The S&P 500 closed the week at another record high, posting its best weekly performance since February, as investors came to realize that higher inflation is a given as the economy continues to push out of the pandemic. Fifteen months after the US first plunged into lockdown, the economy is well on its way to a complete reopening. Spending is up, businesses are rehiring, and Americans are slowly returning to work. Economists largely agree that economic output will grow at the fastest rate since the 1980s this year.

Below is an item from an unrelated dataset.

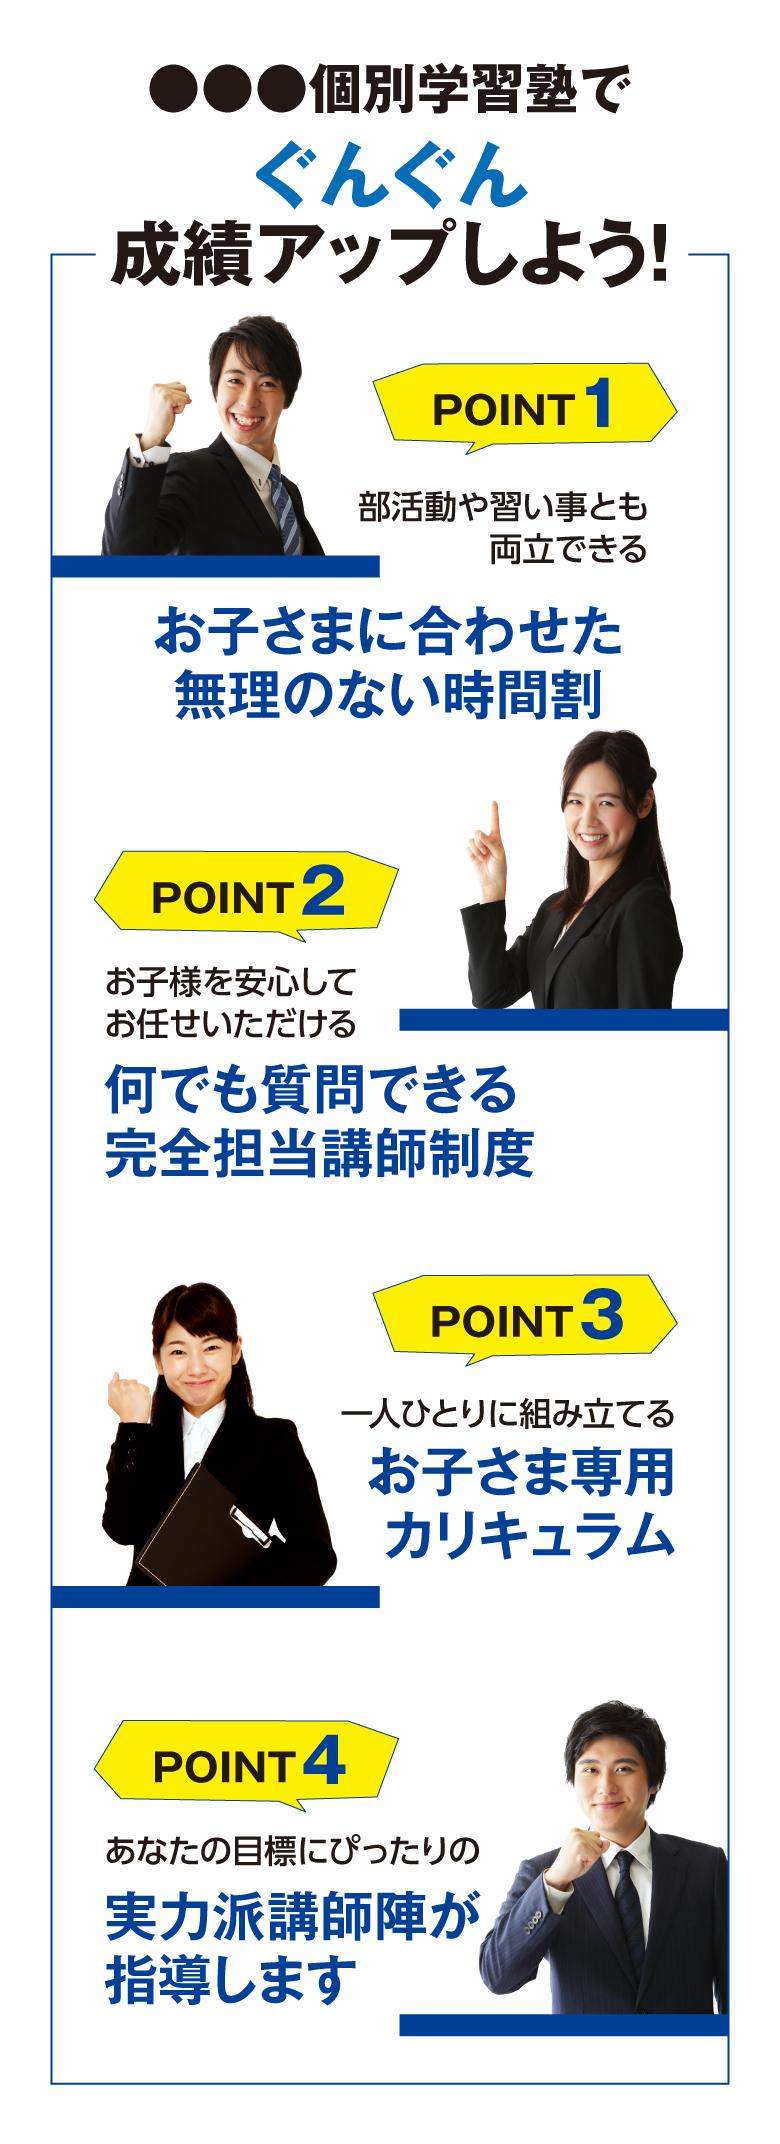 kds-20f-cas-point-12

While there are various theories on the lasting effects of the pandemic, a few things may stay the same for the next few years, well after we get back to normal – work from home, service jobs will remain depressed and the housing market will continue to climb.
Future Wealth’s View
The sobering reality with climbing inflation is that parking money in a checking or saving account at their local bank means one is actually losing money every day. Yet, the banks are seeing massive inflows of money into money market funds. Between late March and May, they rose by $411 billion to $17.09 trillion, nearly four times the average of the past 20 years. Normally, this would be good for banks as long as they can use the money to make loans. But bank lending has been slow as many companies prefer to borrow money from investors.
Which brings us back to the title of the article – Buy stocks. With the pandemic, the major reason for the uncertainty in markets behind us, we believe that the second half of 2021 will begin to see unprecedented growth in the global economy. The stock market will follow. There is simply no reason for depositing savings into a bank account. Don’t be one of them.